Problem statement: Word for word, copy the lines beginning at the one with "adidas Women's Cloudfoam" and ending at the last line below; pictures stay out.

Material provided:

....................

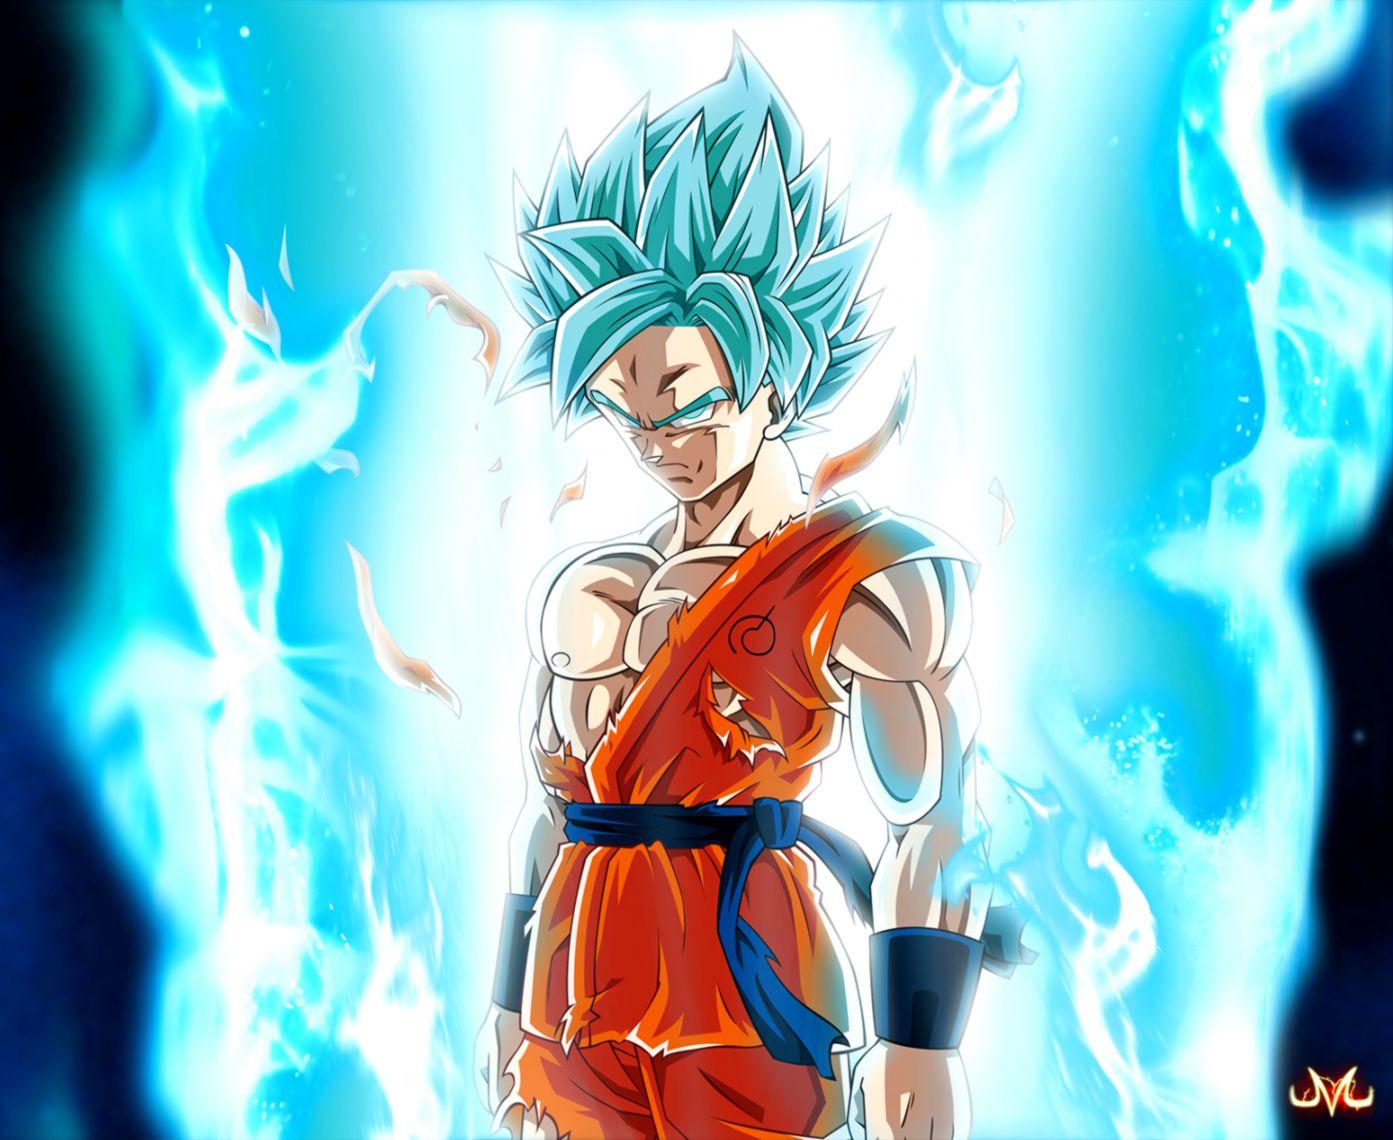 Goku Super Saiyan God Wallpaper Posted By Sarah Walker
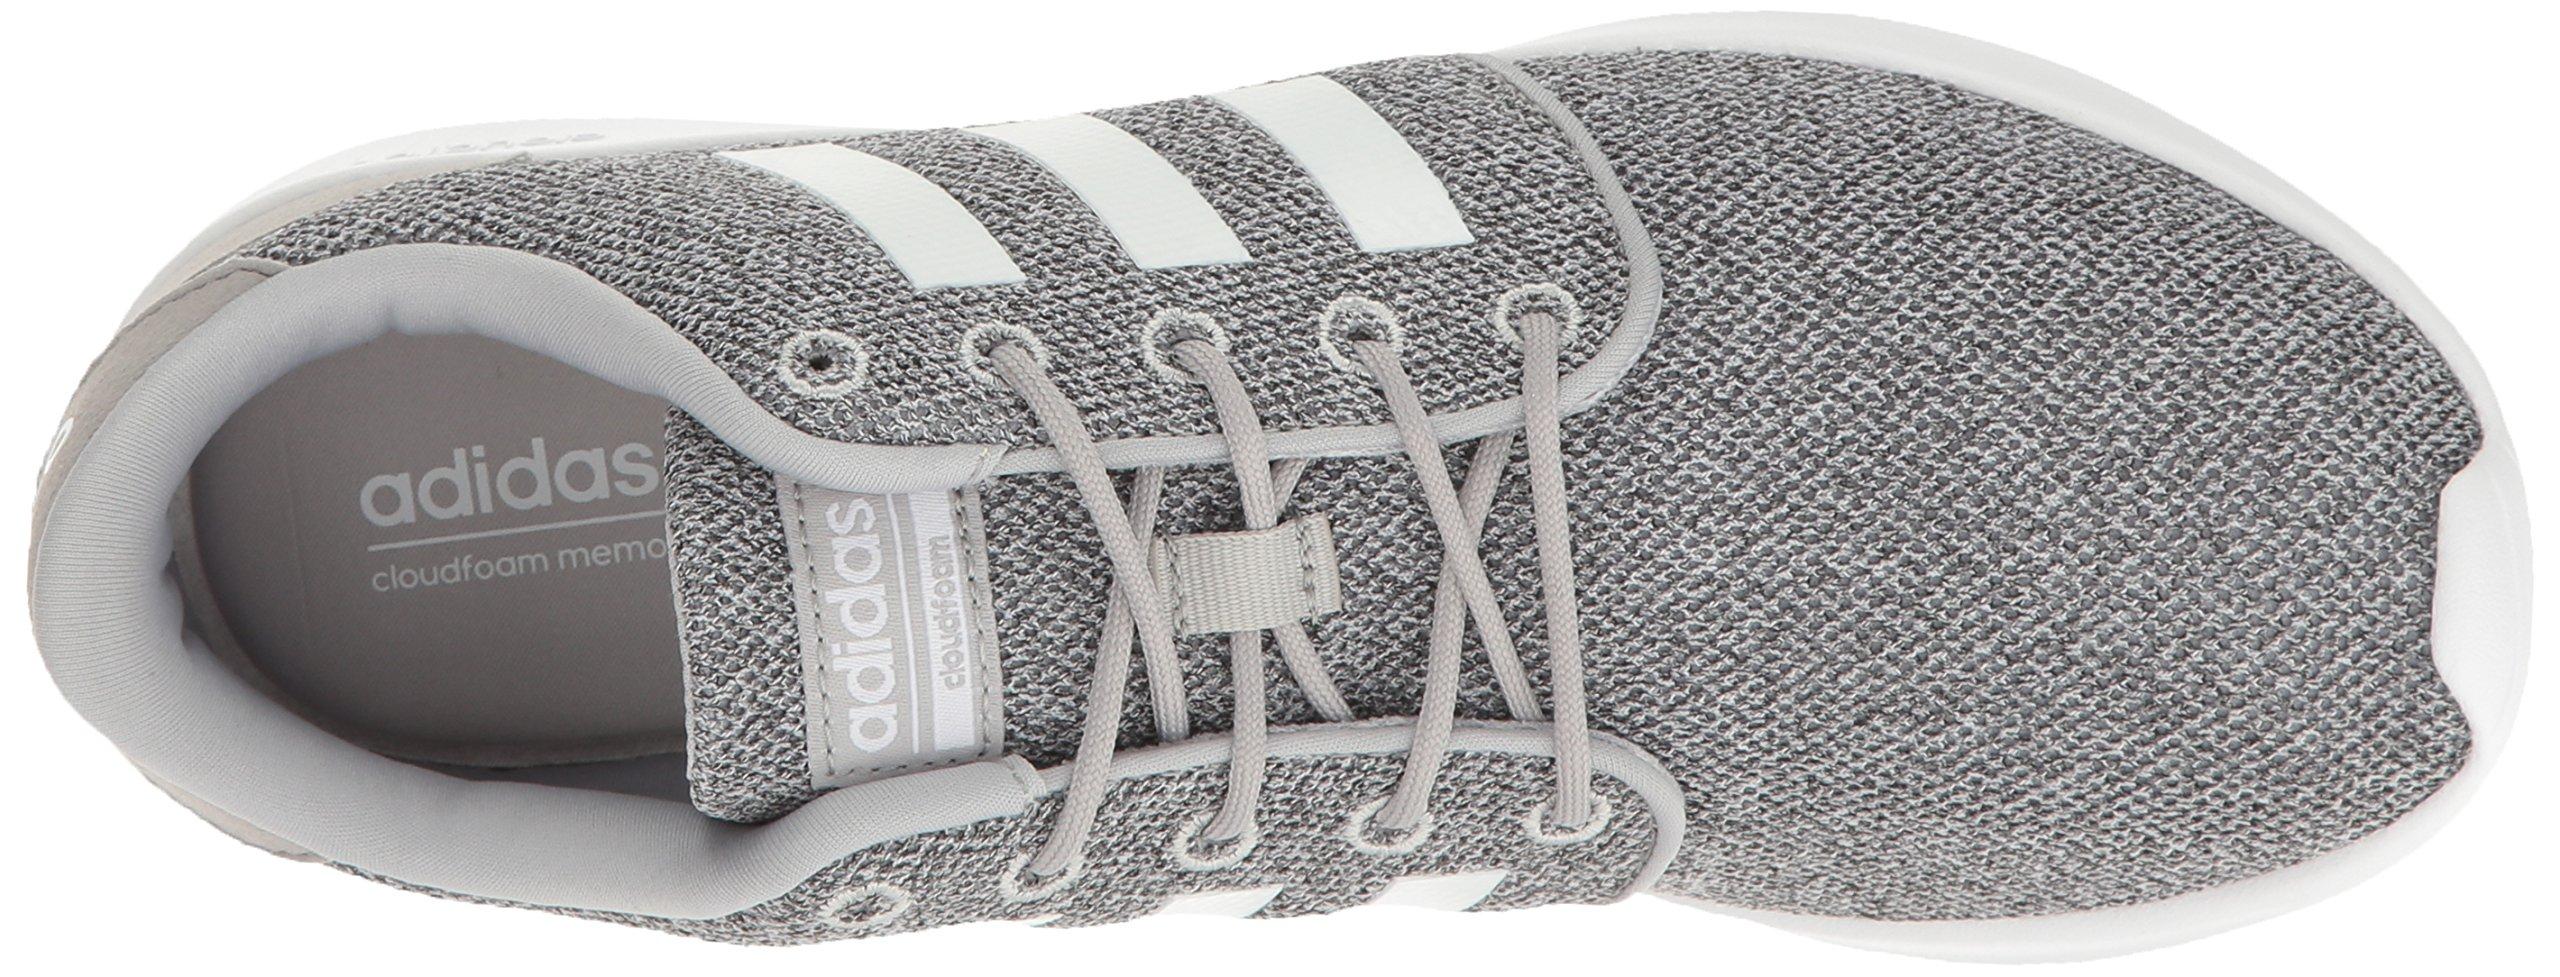 adidas Women's Cloudfoam Qt Racer w Running Shoe, Clear Onix/White/Light Onix, 5 M US by adidas (Image #8)
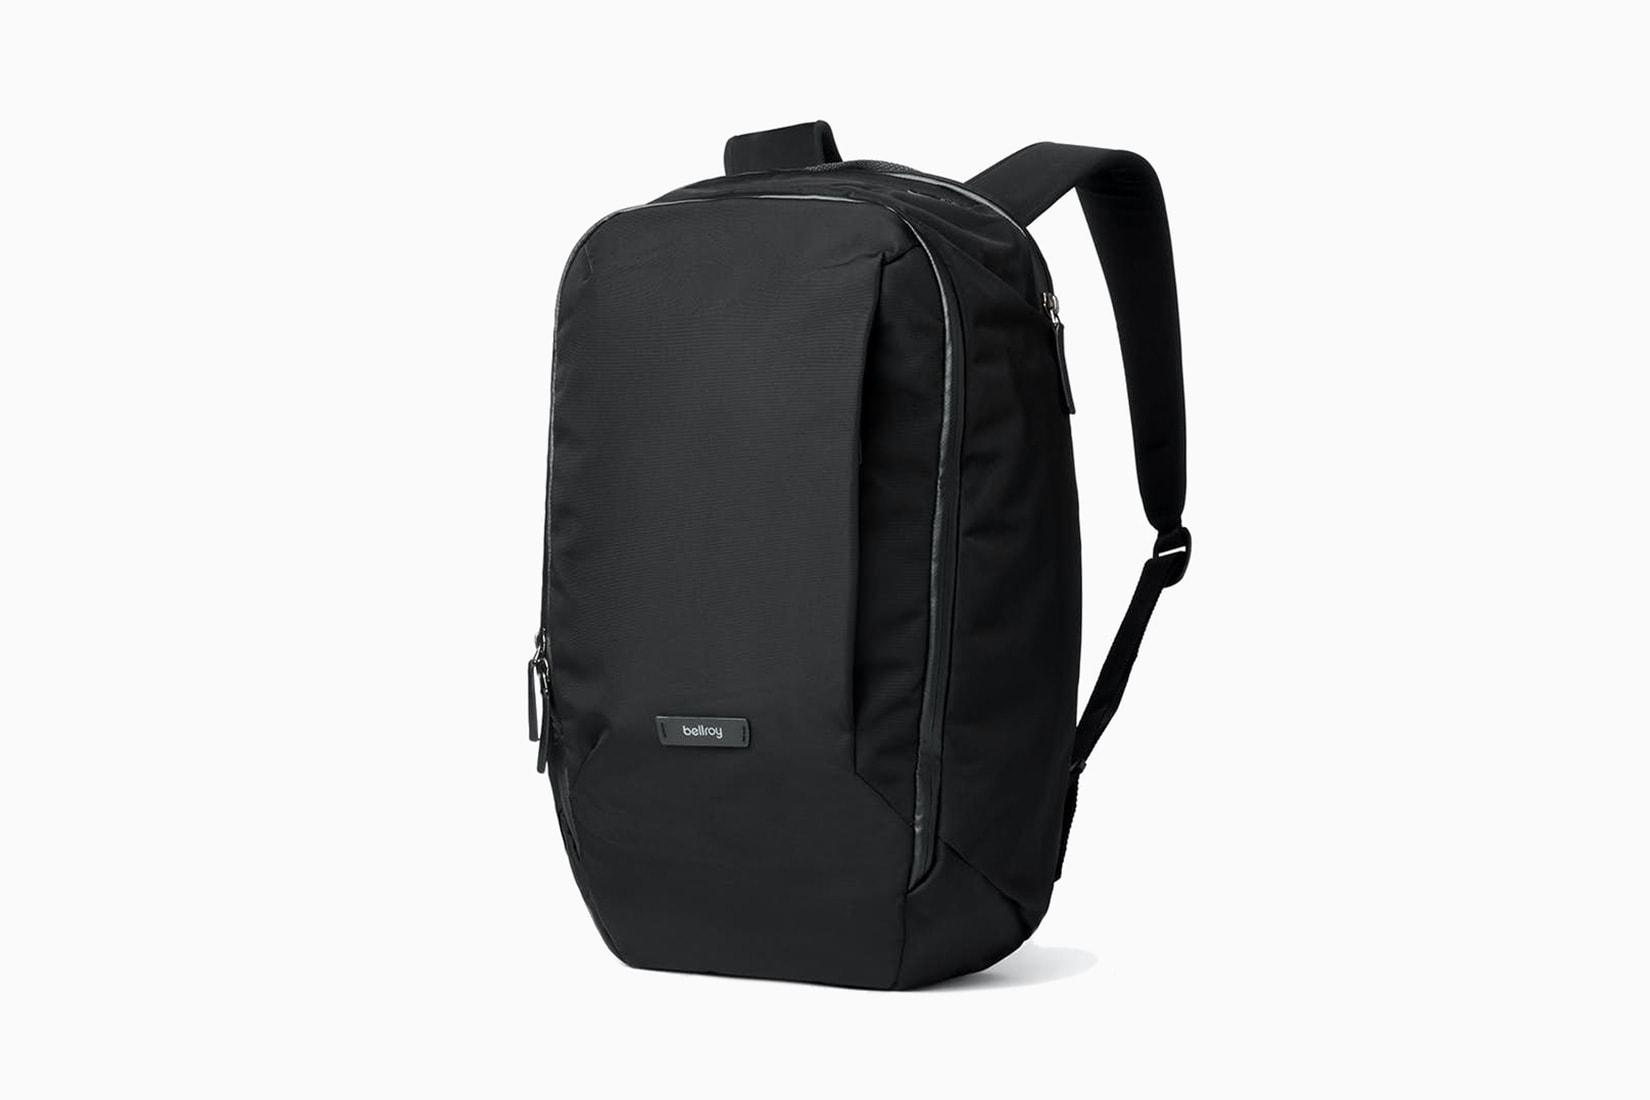 best men gym bag bellroy transit review - Luxe Digital

....................

Finished exercise:
 adidas Women's Cloudfoam Qt Racer w Running Shoe, Clear Onix/White/Light Onix, 5 M US by adidas (Image #8)
 best men gym bag bellroy transit review - Luxe Digital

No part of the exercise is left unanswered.